Warmest thanks must further go to the Lord Mayor and Town Council of Århus, the Town Council of Viborg and in particular its Cultural Committee, and the proprietors and editors of Skalk, all of whom provided delightful hospitality; to the cooks and everyone responsible for the memorable spit-roast feast arranged by Aalborg historiske Museum; to the key-bearers and curators who welcomed us at churches, sites and collections in Århus, Venge, Viborg, Ålborg, Samsø, Roskilde, Ladby, Jelling, Åbenrå and Slesvig; and to the Congress members and other colleagues who gave us expert guidance at Viborg, Fyrkat, Aggersborg, Lindholm Høje, Ravning Enge, Samsø, Roskilde, Jelling, Schloss Gottorp, Hedeby, Danevirke and Ribe. Finally, we should record our special thanks to Lene Bate-man, the indefatigable secretary of the Congress, and to Ulla Engberg, the assistant secretary.

Without munificent subvention from the Research Council these Proceedings would not have appeared, and we must also express our gratitude to the Managing Directors of Odense University Press (Torkil Olsen, succeeded by Jørgen Thomsen) and their Board in giving the volume a place in the series of Mediaeval Scandinavia Supplements. We wish to thank Hans Langballe, who designed the format of the book, and Karen Bekker-Nielsen for help with proofreading and other editorial chores.
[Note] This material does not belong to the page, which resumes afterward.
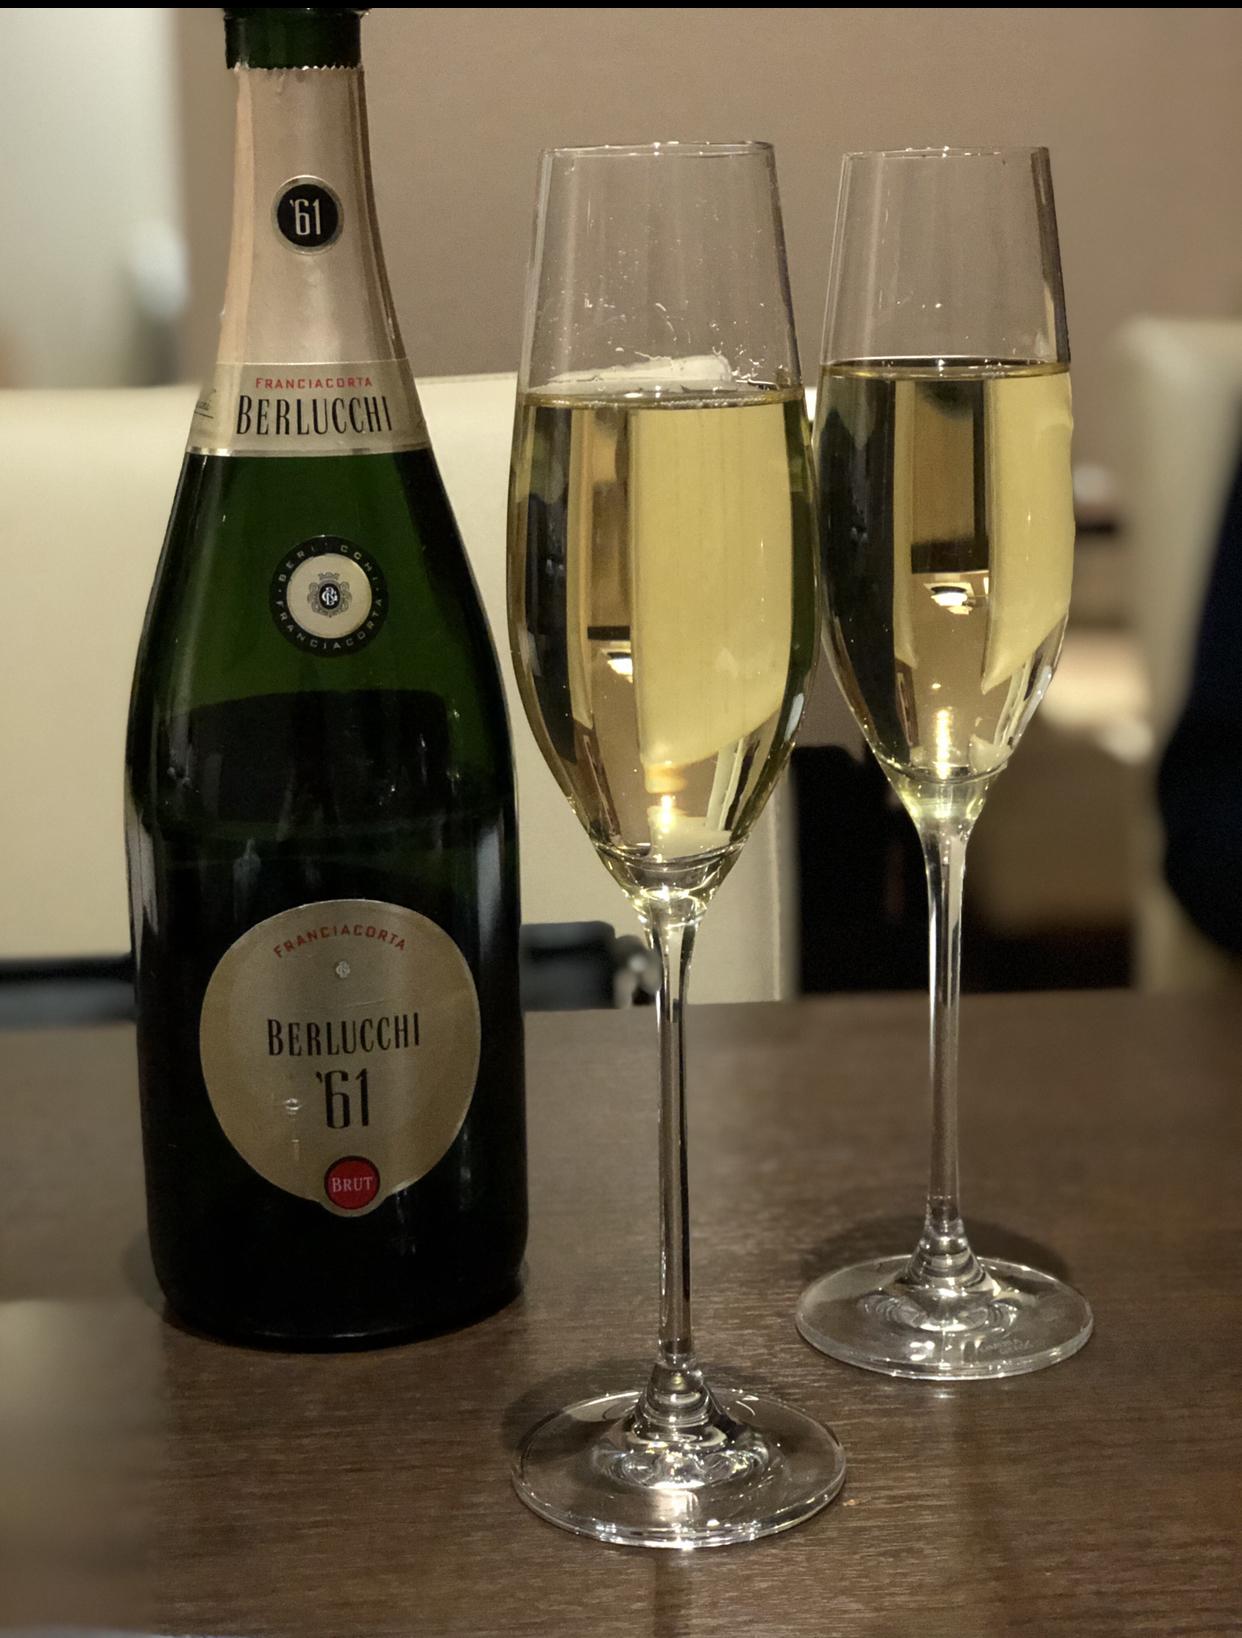 イタリアの最高峰発泡ワイン『フランチャコルタ』で乾杯☆_1_2

In editing the following papers we have endeavoured to see that each is internally consistent in its forms and references but we have not tried to impose one system overall.

26 May 1981 
Hans Bekker-Nielsen, Peter Foote, Olaf Olsen

Prelude by Dag Strömbäck

Since I am the first chairman of a session after our host, Professor Klindt-Jensen, and since I am probably the senior member of the Congress, in terms both of personal antiquity and of membership, let me begin by saying that I am so happy to be here in Moesgård for the Eighth Viking Congress. It is an occasion I have been looking forward to for four years, ever since we left Dublin, although with some doubt as to my own capacity or, should I say, bouyancy. I hope I shall stay afloat!

We could say of the Viking Congress as Professor Ludvig Daae once said of a daring Norwegian enterprise: „It started as a speculation but ended as an institution.“

It began in 1950 when a very restricted number of Danish, Icelandic, Norwegian and Swedish scholars – picked almost at random – were invited by the British Council and the University of Aberdeen to come to Shetland and Orkney for a meeting. I did not know much of Shetland and Orkney beyond what I had learnt from Orkneyinga saga and Hákonar saga Hákonarsonar. The prehistory, vast and immense, of the islands was quite unknown to me, and it became almost as fascinating as the remains of Viking farms and early medieval sites that we visited. Dr Curle and Dr Marwick were brilliant guides, but my most exciting personal experience on that occasion was to meet Professor Haakon Shetelig of Bergen in many informal hours of conversation and discussion. He was a wonderful man and a grand scholar, lively, witty and inciting, and with a charming bohemian touch in his way of living. I shall never forget the bottle of good wine under his hospital bed when I saw him for the last time in Bergen in 1953 when I came there for the Second Viking Congress. He still had his astonishing power to combine his knowledge of literary sources – those of classical antiquity as well as Germanic and Norse – with his archaeological wisdom. He was unforgettable.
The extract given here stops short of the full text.